Evaluating Information Flashcards
What are statistics?
The science of collecting, organizing and interpreting data
The data that describes or summarizes something
What is a Statistical Population (referred to as population hereafter)?
The complete set of values
eg all the adult heights, measured to the nearest cm, of the human population
What is meant by sample?
A subset of the population
Used when it is impractical to measure the entire population (which is most of the time)
What are the Population Parameters?
The characteristics of the statistical population
What are Sample Statistics?
A summary of the data gathered from the sample
What is important about choosing a “Sample”?
MOST important step in any statistical analysis!

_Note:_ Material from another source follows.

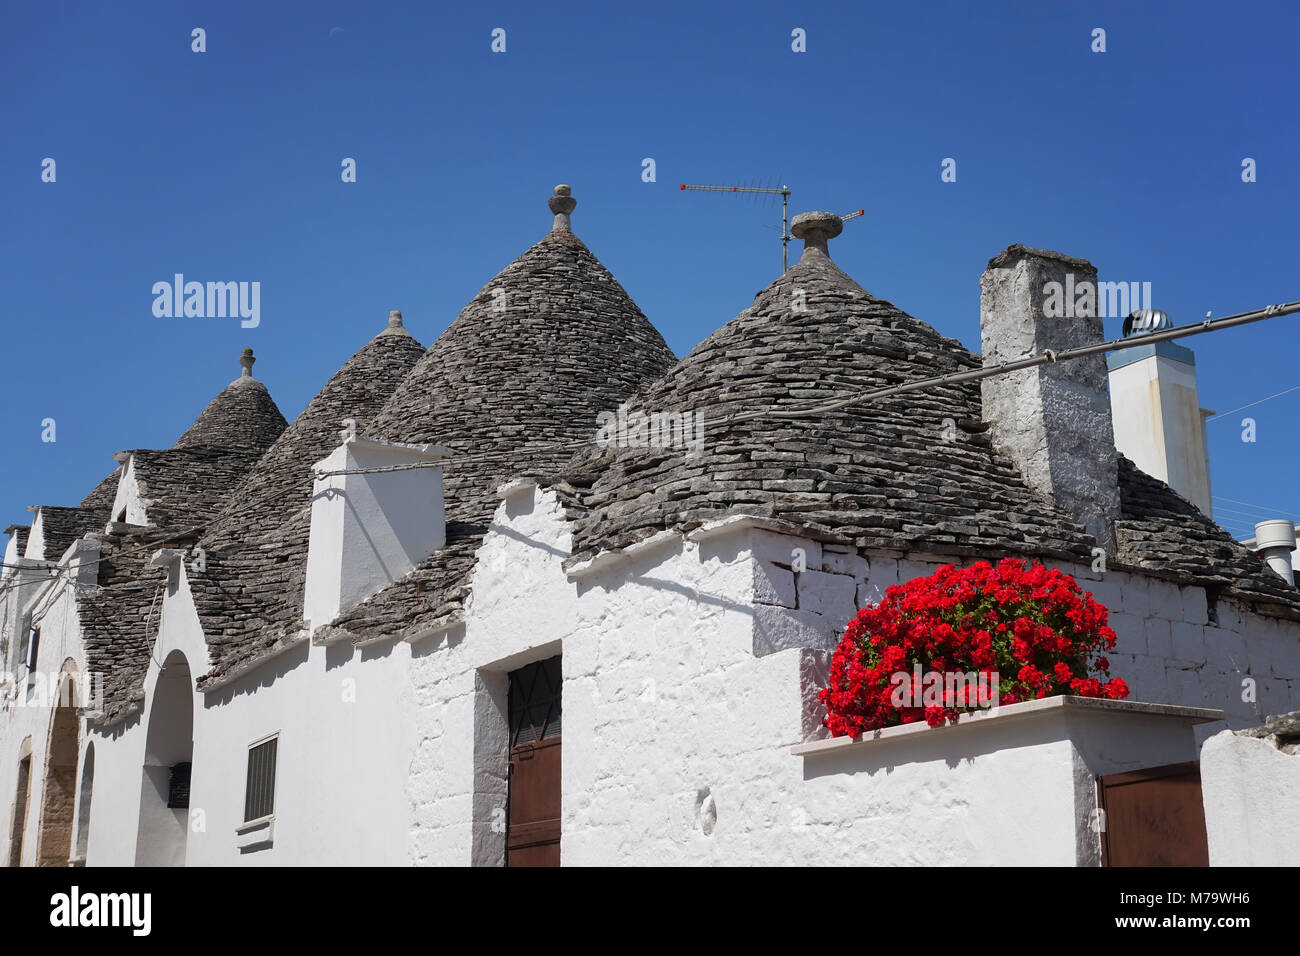 Traditional white trulli houses with cone-shaped roofs with some red geranium flowers under a clear blue sky in Alberobello, a city in Apulia, Italy. Stock Photo

You want your sample to be representative of the population so that you can make inferences about the population
What is a Sampling Bias
When a studies design or conduct tends to favour certain results.
Examples of Bias:
- Choosing a sample from the basketball team to determine average height.
- Researcher has a personal stake on the outcome.
What is selection bias?
Researcher selects the participants
What is participation bias?
Participants volunteer to participate
What are 4 common sampling methods?
Simple Random
Systematic
Convenience
Stratified
What is a Simple Random Sample?
every member of population has a chance of being chosen
What is a Systematic Sample?
use a simple system (such as every 10th member of the population)
What is a Convenience Sample?
a sample that is convenient is chosen, (students of a particular class)
What is a Stratified Sample?
chosen from different subgroups or strata of the population. Within each strata simple random sampling is done.
What is a placebo?
a treatment meant to deceive a population into thinking they are receiving treatment.
What is a placebo effect?
A perceived or actual improvement in a condition even though the person was given no actual treatment to benefit them (the were given a placebo)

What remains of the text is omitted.